18. This is where the Court finds fault with the Respondent’s decision. It is agreed the Grievant committed an offence, by extending her leave. She was heard and does not dispute fairness of the actual hearing. The Works Committee and Management deliberated after she lodged an Appeal. There was consensus the Grievant should accept she was at fault. She had in fact accepted this earlier and apologized. Her letter doing so is dated 19th February 2013. The Works Committee apologized as agreed, at the meeting of 28th February 2013. What then would be the reason for the Respondent to make an about-turn, after giving conditions for restitution of the Grievant, and after these conditions were promptly met? The disciplinary sanction of summary dismissal should not have been sustained, after the Appeal.
19. It is not lost on the Court that the Grievant was deducted salary for 5 days allegedly absent from work. If there was deduction made, this would appear to the Court to weaken the validity of sustaining the sanction of summary dismissal. It had also been proposed that the days of absence could be offset against off-duty days the Respondent owed the Grievant. It is not surprising that the Human Resources Manager, looking at the dispute in its totality, felt the Grievant’s offence was minor and not deserving of the draconian sanction of summary dismissal.
20. The intention of the Parties was that the Grievant would be rehabilitated once she accepted her fault, apologized and asked for forgiveness. She would be justified in asking the Court to compel the Respondent to reinstate her.
21. However, it is now 4 years since she left employment. The law on reinstatement places a ceiling of 3 years in reinstating, counted from the date of termination.
22. Termination was unfair on the ground of the sanctioning. The Grievant is granted the equivalent of 4 months’ salary in compensation for unfair termination at Kshs. 89,584.
23. She certainly deserves terminal benefits in accordance with the CBA in force at the time she left employment. The Court was not provided with Schedule ‘A’ which the Claimant argues terminal dues should be based on. It is not proper that the Court orders as submitted by the Claimant that, Parties are directed to do their computation of the terminal dues and come back to Court for adoption. Litigation must be brought to an end promptly and effectively. There were no details of medical expenses incurred by the Grievant, provided to the Court by the Respondent, to warrant tabulation of the Grievant’s terminal dues, after 16 years of service, and at a gut-wrenching Kshs. 952. No documents were provided showing the Grievant exceeded her medical cover limit. The relevant CBA has been availed to the Court. The Court shall allow terminal benefits under the CBA as shown in the paragraphs below.
24. Under clause 24 [a] of the CBA, an Employee with over 15 years of service is entitled to notice pay of 5 months, on termination. The Grievant worked for 16 years. She is granted notice pay of 5 months at Kshs. 111,980.
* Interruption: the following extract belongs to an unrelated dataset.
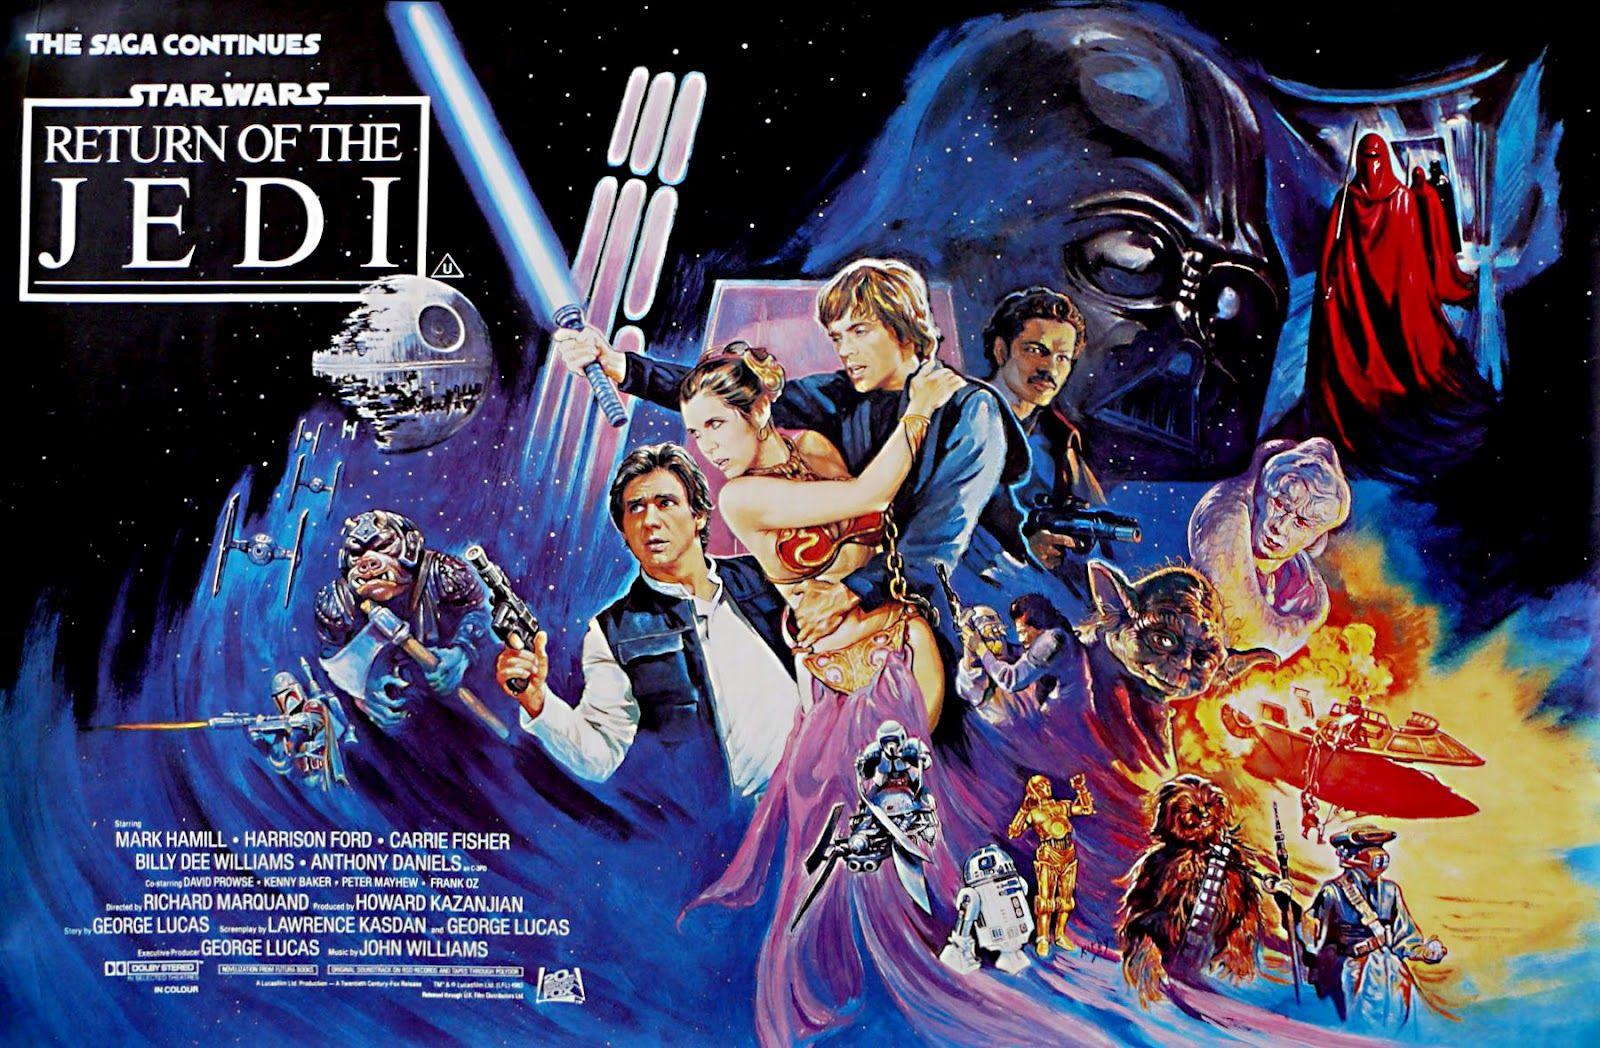 Star Wars Return Of The Jedi Wallpaper Full HD For Computer Episode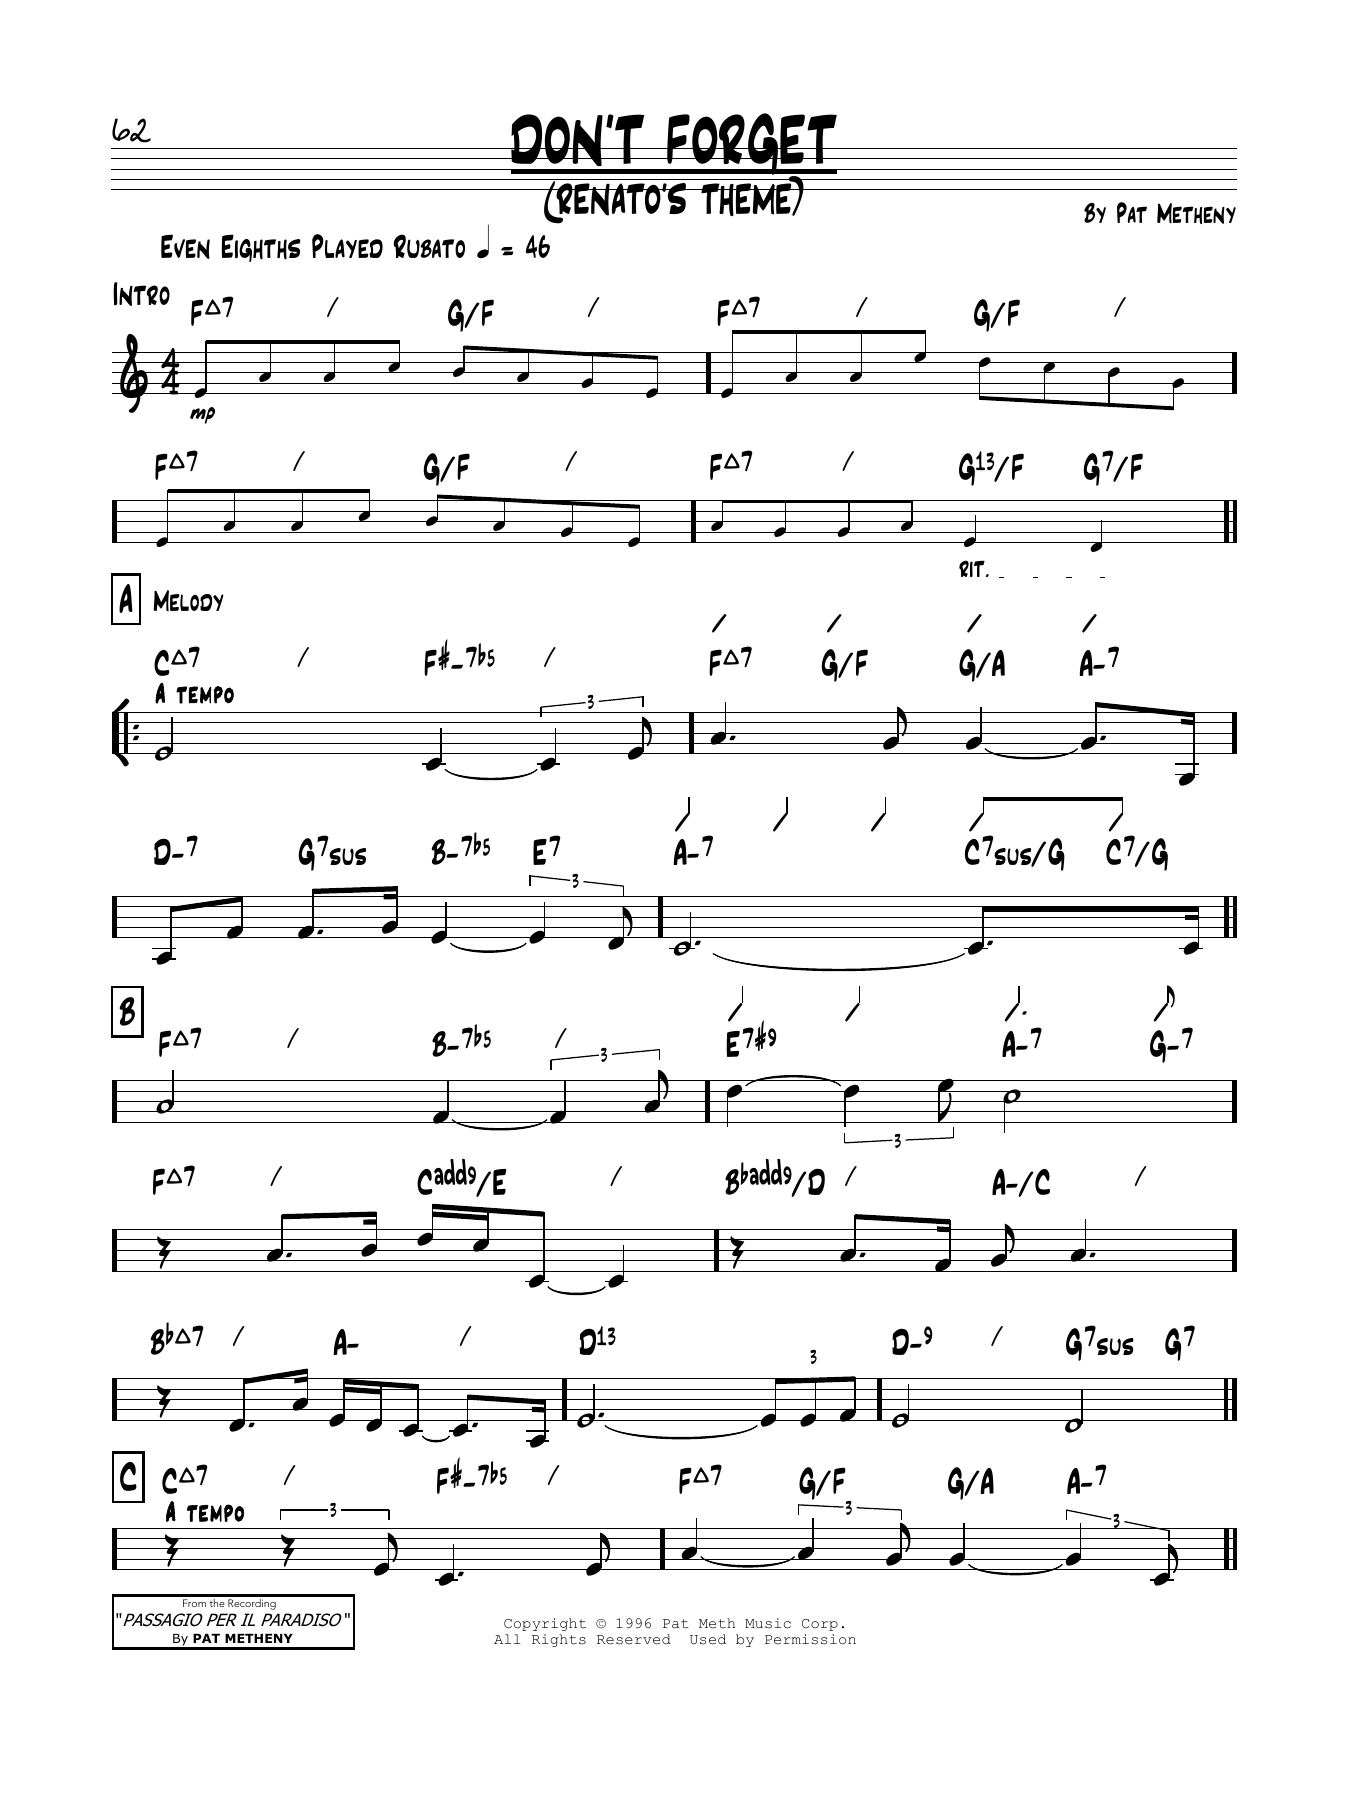 Download Pat Metheny Don't Forget (Renato's Theme) Sheet Music

25. She is allowed pension dues as offered by the Respondent, under clause 27 of the CBA, at Kshs. 84,957.
26. Certificate of Service shall be released to the Grievant in accordance with clause 28 of the CBA and Section 51 of the Employment Act 2007.
27. No order on the costs.
28. Interest granted at 14% per annum from the date of Judgment till payment is made in full.
IN SUM, IT IS ORDERED:-
[a] It is declared termination was unfair in the sanctioning of the Grievant.
[b] The Respondent shall pay to the Grievant: the equivalent of 4 months’ salary in compensation for unfair termination at Kshs. 89,584; notice pay of 5 months at Kshs. 111,980; and pension dues as offered at Kshs. 84,957, total- Kshs. 286,521.
[c] Certificate of Service to issue.
[d] No order on the costs.
[e] Interest granted at 14% per annum from the date of Judgment till payment in full.